Все начинается с Ленинградской блокады, с голода и с промерзших стен детского дома № 12.
Зимой 1941–1942 года здесь жили малолетние сироты и дети тружеников тыла. Это только кажется, что в детдоме всегда плохо. В блокаду здесь было в чем-то даже лучше. О тебе позаботится государство, оно будет тебя кормить, а при случае эвакуирует куда-нибудь подальше от смерти. Погрузит в черный товарняк, который поползет по белой от снега железной дороге через Ладожское озеро на Большую Землю. И жизнь тогда «качнется вправо, качнувшись влево» (из «Рождественского романса» Иосифа Бродского).
С ноября 41-го по март 42-го из города по Дороге жизни (это уже почти официальное историческое название маршрута Ленинград – Борисова Грива – Жихарево) эвакуировали примерно полмиллиона жителей. Обитателей детского дома № 12 поезд увез в апреле. Они отправлялись на юг, в горы, которые тогда казались большими и безопасными. Тем временем до немецкого наступления на Кавказ оставалось около четырех месяцев.
Железнодорожный состав не ехал, а именно что полз: осторожно, с частыми передышками и перерывами на время авианалетов. В Краснодарский край поезд, везший воспитанников детдома № 12, вошел как раз через четыре месяца, к началу форсированной военной операции нацистов и оккупации Кавказа. Оказывается, такие совпадения бывают не только в художественной литературе.
Под Армавиром ленинградский товарный состав разбомбили.
В начале пути, в Ленинграде, пассажиров этого поезда было несколько сотен. Теперь оставалось не больше 80. Горстка воспитателей и сироты, младшему из которых не было и пяти, – отупевшие от горя, бесконечного голода и болезней, смертельно уставшие дети, явные «нежильцы». Им еще три дня предстояло идти пешком до ближайшей станицы.
Они дойдут, и администрация выделит им четыре обоза, запряженных лошадьми, и нарисует очередной маршрут надежды: через поселок Домбай на перевал, в Грузию. Дети понуро поплетутся в деревянных повозках мимо поселков и деревень, а взрослые будут рыдать им вслед. Взрослые ведь знают, что нет впереди никакой надежды, одна глухая безысходность. Никого не спасти, не помочь и не обогреть, потому что оккупация, потому что зверствуют фашисты, потому что у каждого есть своя единственная жизнь, а может быть, и свои дети. А еще у большинства этих детей – еврейские фамилии. Для гитлеровских командиров все равно что черные метки.
Через какое-то время процессия разделилась на четыре группы. Решили, что так будет безопаснее, и расстались, не веря, что это навсегда. Больше они никогда не встретятся. Три обоза из четырех покатятся прямо к смерти в пекло. Часть детей умрут от истощения еще по дороге. Остальных найдут и расстреляют фашисты. Но тридцать два маленьких блокадника останутся в живых, потому что их повозка собьется с пути. Будет казаться, что это тупик, теперь уже окончательный. До тех пор, пока лошадь, запряженная в подводу, случайно не забредет в Бесленей.
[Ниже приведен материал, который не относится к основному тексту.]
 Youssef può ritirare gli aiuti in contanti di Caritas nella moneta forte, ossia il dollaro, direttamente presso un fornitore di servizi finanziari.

На подъезде к аулу стоит повозка, накрытая брезентом. В ней – дети, чей внешний вид ошеломляет. Они истощены и облеплены слепнями, которых нет сил отгонять. Они молча лежат и почти не шевелятся. Володя Синицкий – светловолосый мальчик с синими глазами, как у мамы. На вид Володе не больше трех лет. Он тоже лежит не двигаясь. К повозке кто-то подходит, заглядывает, охает и уходит. Через некоторое время здесь собираются незнакомые мужчины и женщины. Они переминаются с ноги на ногу и цокают языками. Володя лежит. А потом вдруг видит, как из толпы появляется она, мама. Живая и невредимая. Володя зовет ее и бросается обниматься. Она утешает его, а сама горько плачет.
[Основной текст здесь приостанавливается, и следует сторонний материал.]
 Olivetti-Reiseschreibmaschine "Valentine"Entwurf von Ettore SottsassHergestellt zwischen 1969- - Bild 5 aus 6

Жительница Бесленея Цура Охтова, конечно, была ему никакая не мама. Она просто пришла вместе со всеми посмотреть на знаменитый обоз-призрак, о котором в округе уже слагали легенды. Женщина из редкой белоснежной породы черкешенок – со светлыми волосами и молочной кожей – вполне могла быть похожа на Володину маму, так что ребенок обознался. Сначала Цура опешила. Потом испугалась. А потом решила, что гори оно синим пламенем, и забрала Володю домой.
Население аула в войну – женщины и старики, ожидающие известий с фронта. А значит, все-таки матери и отцы. И в итоге все как-то случилось само собой. Люди подходили к повозке и разбирали детей.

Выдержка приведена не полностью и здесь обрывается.